Monday, October 7, 2013

7.6 Miles and 3 Iguanas

This Saturday my GF had the great idea of walking from her house to the beach...

3.8 miles there and 3.8 miles back.

In case I've ever given anyone the impression that I'm an active/athletic/fit person, I'm not. Like weekly Zumba classes kick my ass...

But, the GF is pretty and I'm a sucker for cute smiles. We walked.

Are you ready to be shocked? 

It wasn't horrible. Don't get me wrong, we live in Miami, it was hotter than the devil's closet (is that a thing? I'm making it a thing) and the air was humid and just really hard to breathe. (read: I'm out of shape and it was hard to breathe) We did have a great time though. We laughed a lot and we had bacon jerky as a snack. It was so good. It was probably the tastiest thing ever. Exercise makes my taste buds have really low standards apparently. 

My only complaint would have to be the wild life.

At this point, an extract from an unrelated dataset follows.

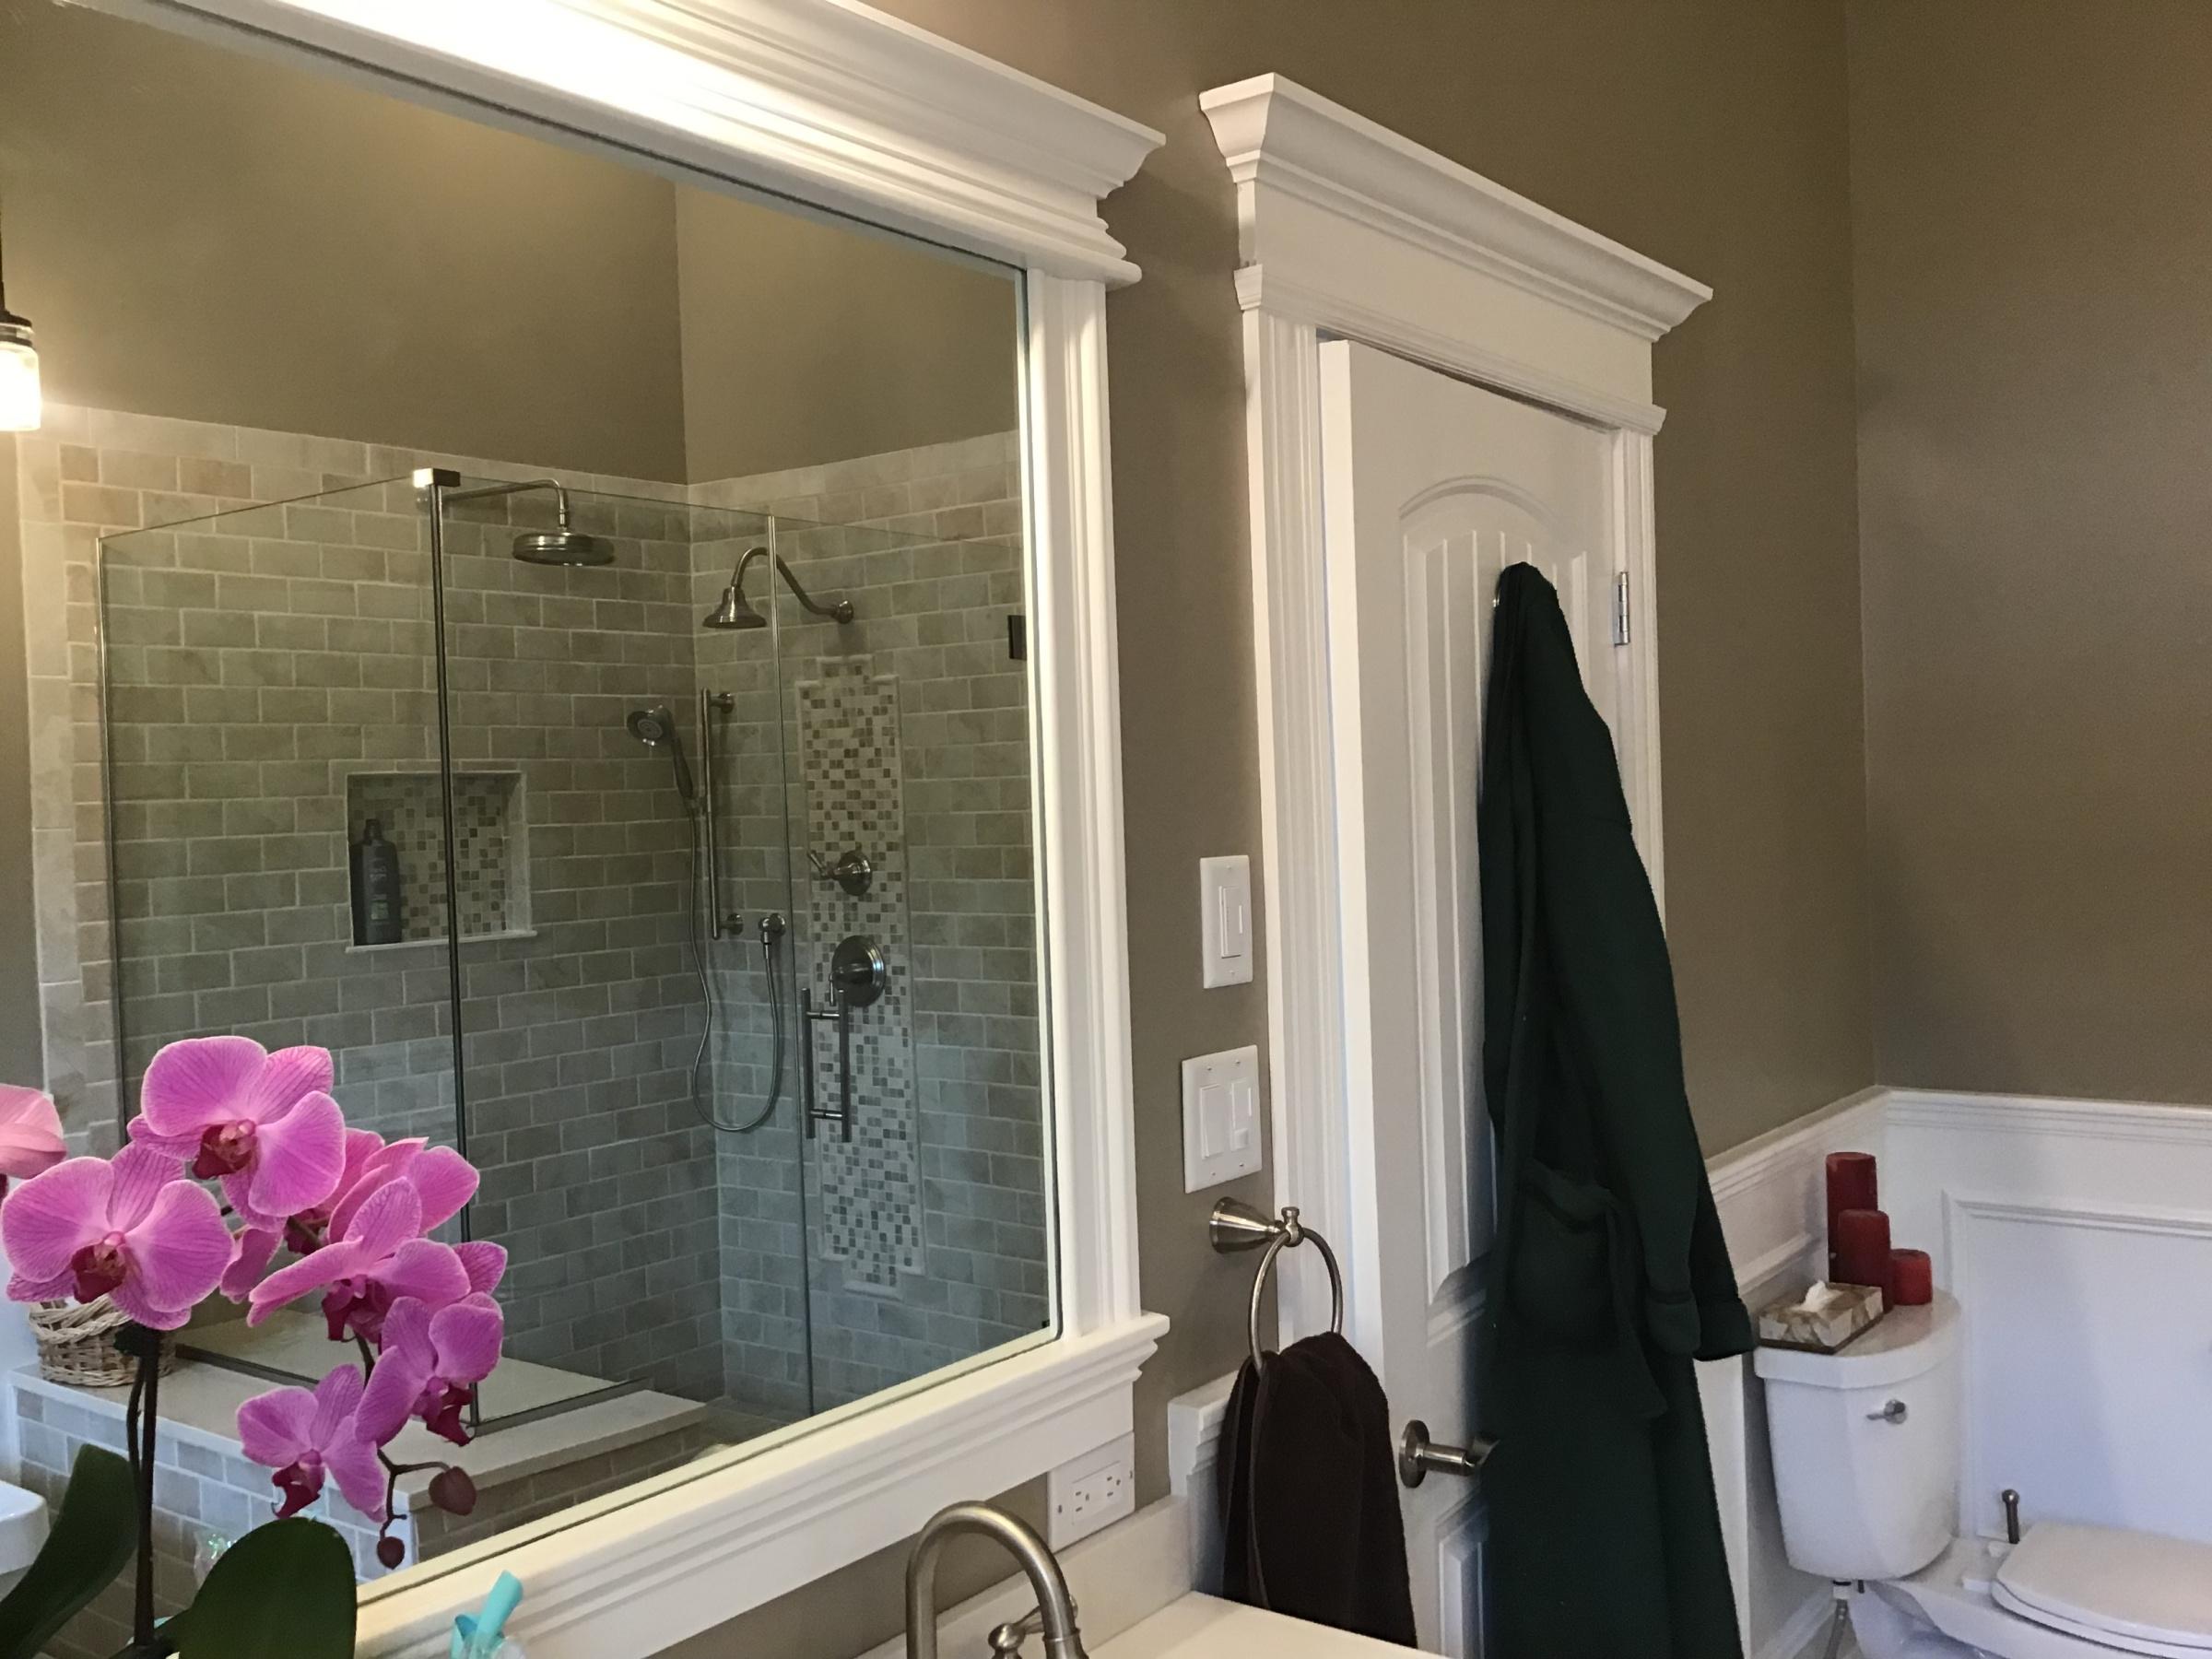 master bath in progress-31442899-6b2d-49be-88dd-0bd77391e5b2.jpg
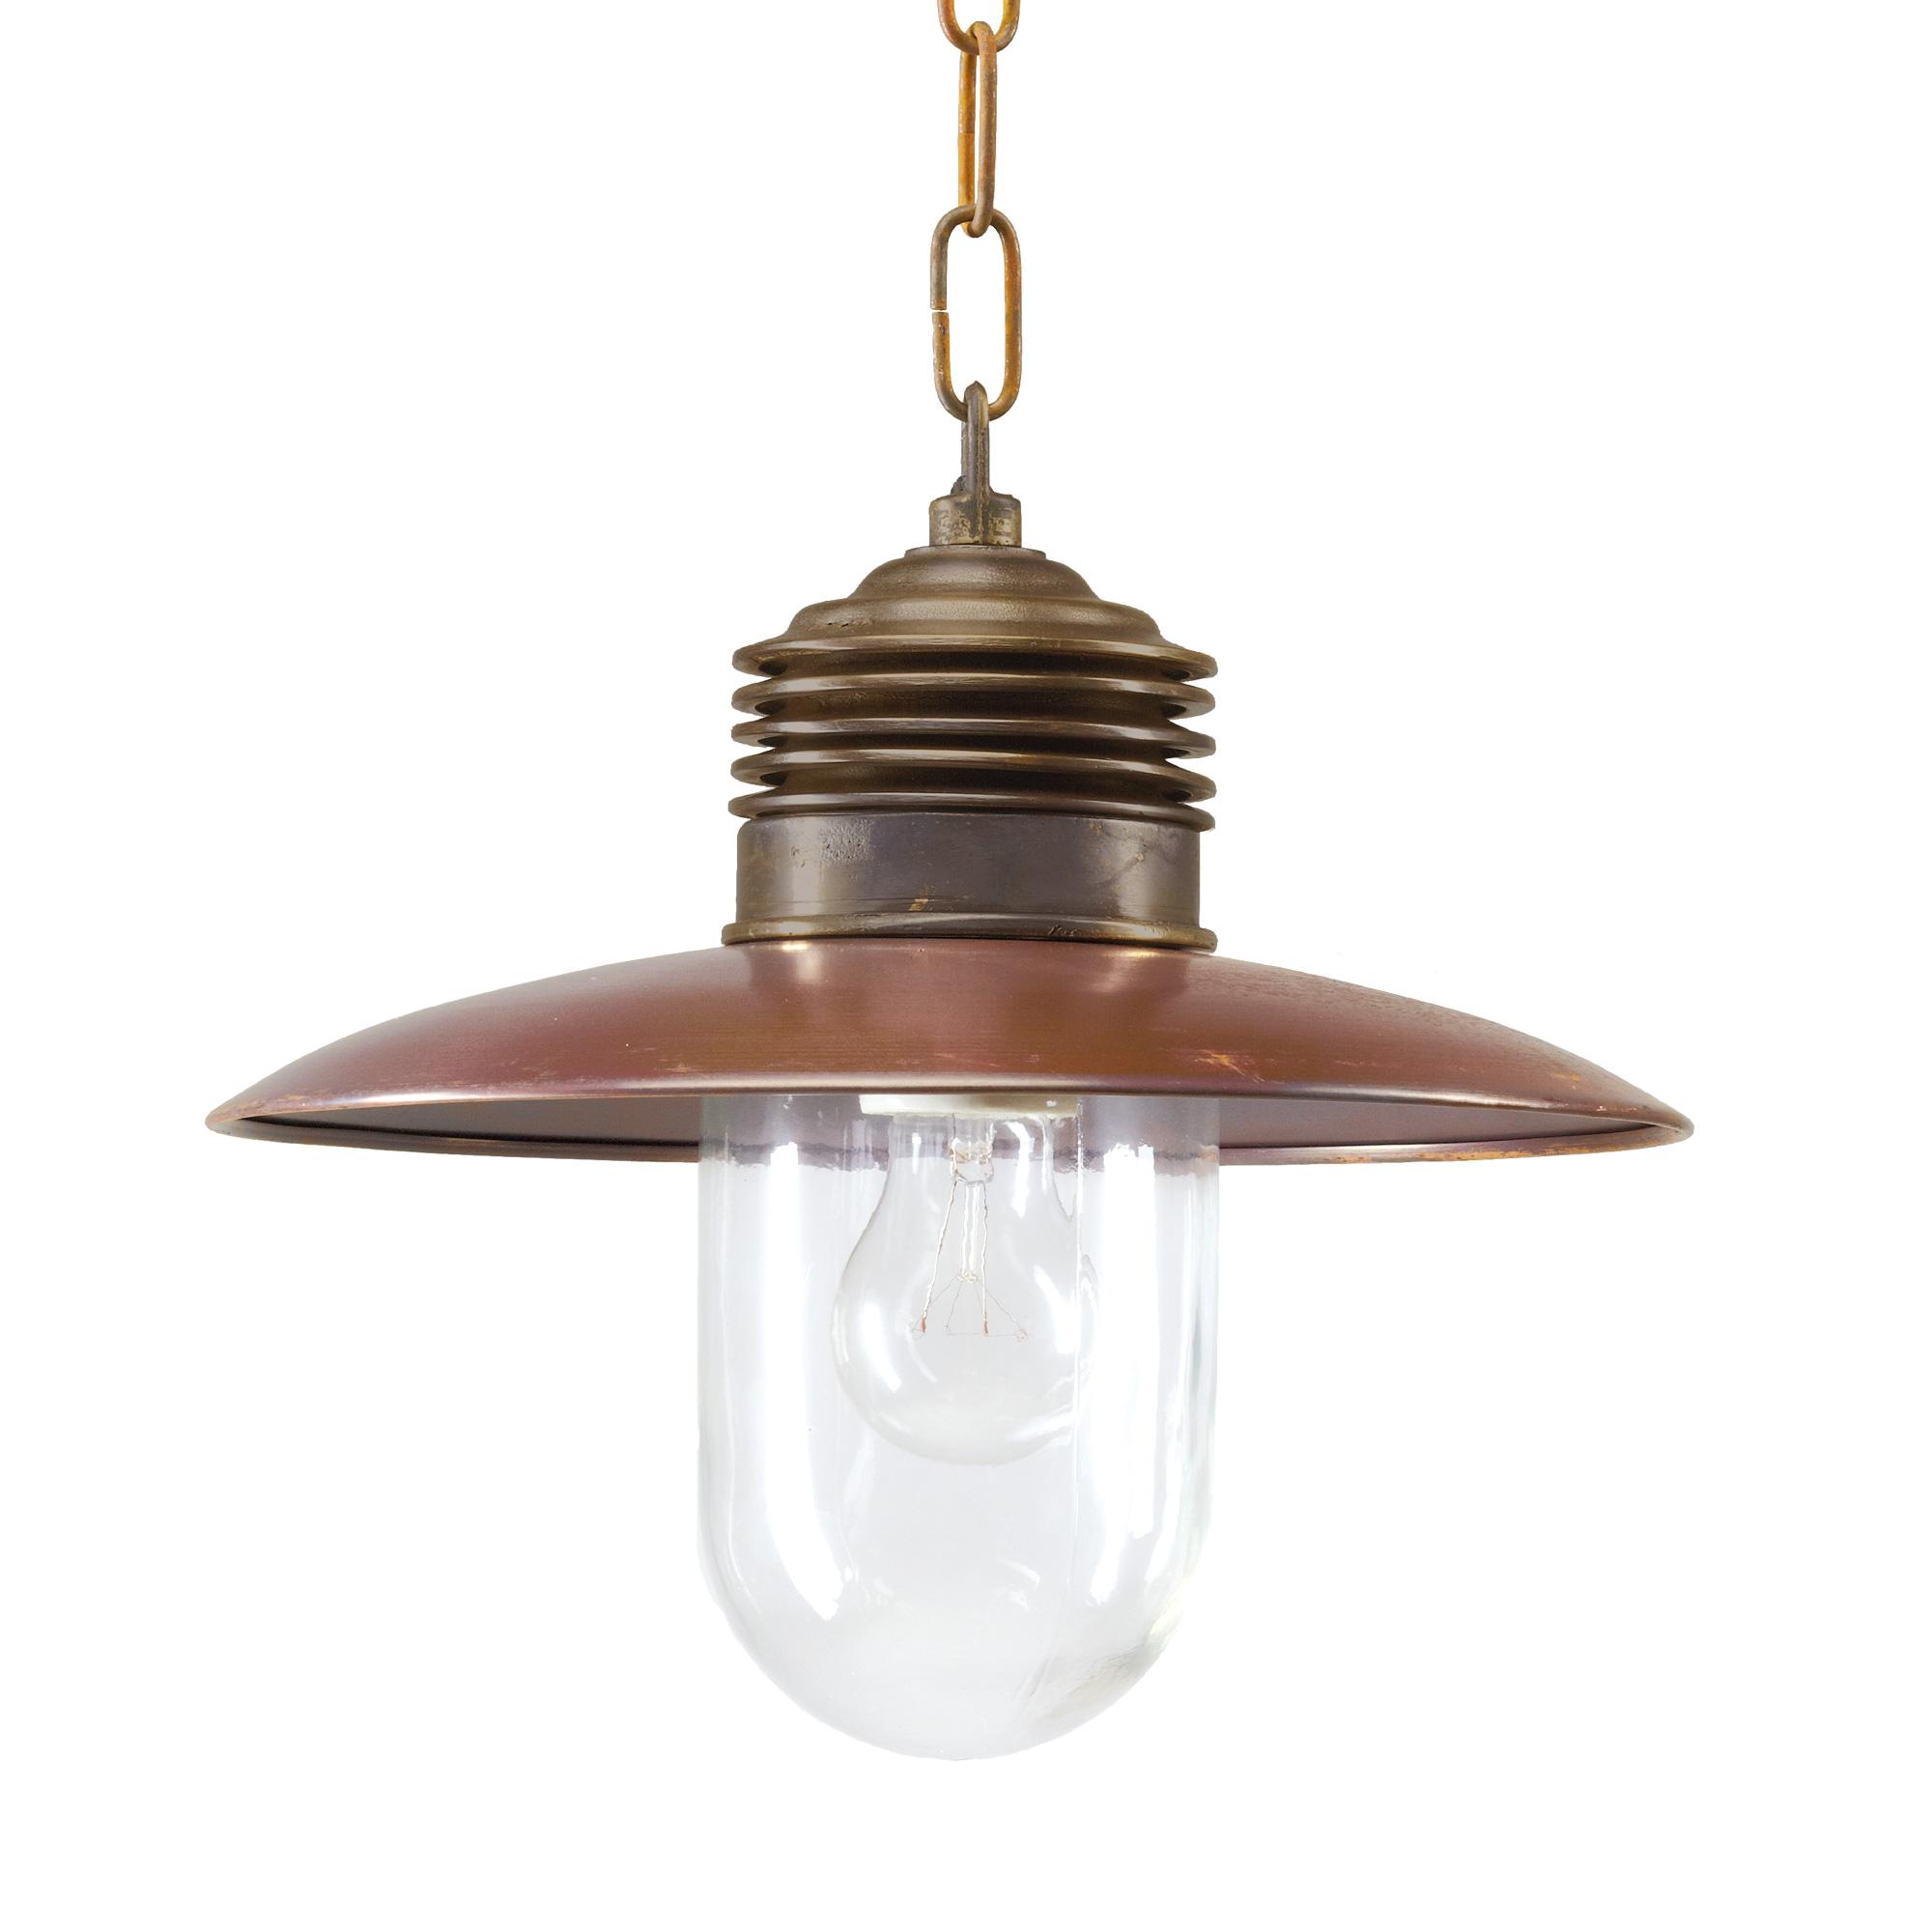 Hanglamp Ampère Brons Koper

I am scared of frogs and lizards. This is not a secret to anyone. Iguanas however, are a whole new ball game. They are the spawns of Satan. They look prehistoric and pretty much turn me into a high pitch screaming/whining mess. I don't wish any harm to come to them and I do understand the role they play in the ecosystem. I am well aware that it is not their fault they look that way or that I'm scared of them. Ok, now that Peta doesn't hate me anymore...there were 3 of the ugliest iguanas I have ever seen in my life out and about during our little adventure. The first two were safely tucked away behind the fence of a golf course so it honestly wasn't that bad. We crossed the street and I did some Lamaze breathing and we were on our way. The third iguana, God help me I wanted to disappear from the face of the earth when I saw it. Was it behind a safe fence? Nope. Could I cross the street to escape? Not a fucking chance (6 lane bridge thing). Was it horrible looking? YES. I made the GF stomp around while she laughed at me in order to scare it back into the bushes because it was literally like a foot away from the sidewalk that we were on and omg gag. After the little beast scurried back to the underworld the bush where all the other iguanas were probably hanging out, I walked fast and tense past the area (which was also the up part for the bridge because fuck you Nat, that's why) and the GF tried to hide her laughter. Mind you, this was on the way back to her house and I was hot and in pain and scared and yea, we got in a mini fight...and then two more mini fights, completely unrelated to iguanas. 

But, we made it! 

We lived!

We dined on Chik-fil-A and it was so delicious I almost cried!

When we made it back to he house after dinner we were both super sore and super swore that we would never do that again...

 We're going again next weekend because she's pretty and I have no willpower.